第166話 重力加速
祭くんが新しい技を見せてくれる。
ここにきて、まさかジェットスキーなんて隠し玉を見せてくれるとは驚きだ。
思えばずっと、祭くんは地に足をつけてふつうに戦っていた。
手加減しているつもりはないんだろうけど、力を持て余していたのだろうと思う。
レベル9……最高位の魔法能力者の中でも、さらに最強な祭くんらしい話だ。
その彼が、今は追われる獲物として、私の前に立ってくれている。
追う者、追われる者、今の私は頂点資格者に挑む者であり、同時に狩人でもある。
最速の踏み込みで距離を詰めても、ジェットスキーで猛烈に逃げる祭くんには追い付けない。今の私の最速は祭くんの速度に匹敵しているが、同じ速度では追い付けない。
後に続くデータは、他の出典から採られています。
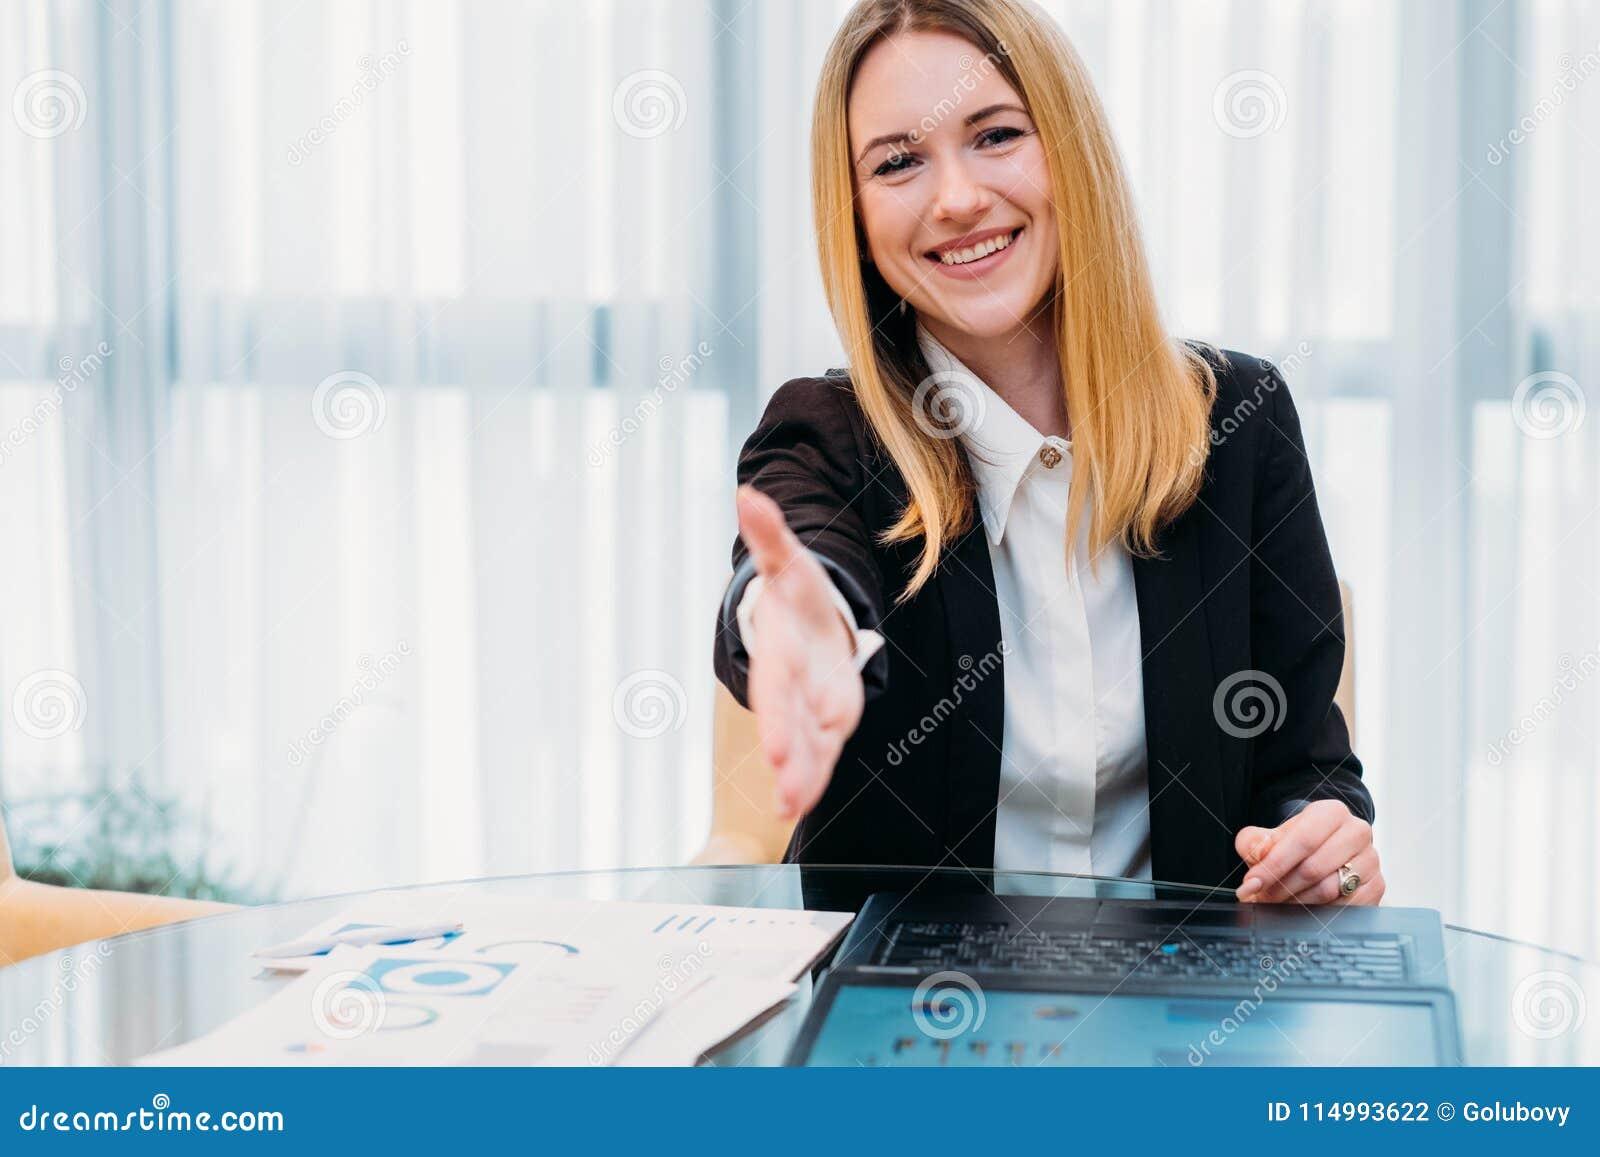 KARRIEREwerbeoffizierstunden-Handbeschäftigung des Jobs Einstellungs

私には祭くんのジェットスキーを超える速度が必要だった。
身体強化による踏み込みで追い付けないなら、やはりここは重力操作だ。
進行方向に向けて重力の“場”を作りだし、吸い込まれるように加速する。
半ば全自動で加速してゆく私に対して、祭くんの速度は有限の速度だ。
空気抵抗に邪魔をされ、祭くん自身の身体の強度にも限界が左右される。
むちゃくちゃな軌道で動けば、Gがかかって身体が持たないはずだ。
しかし私の側にそのハンデはない。
重力操作で私の身体が持つ限りは加速できるし、私の身体は身体強化の魔法で常人をはるかに上回る強度を得ている。
だから、勝つのは私だ。
私は真っ向から祭くんの胸元めがけて飛び込んでいく。
狙うは心臓。刀の切っ先で、祭くんを突き殺す!
(いける!)
私はほんの少しだけ、勝利を確信して気をゆるめてしまった。
そのときに、祭くんがにやりと笑った。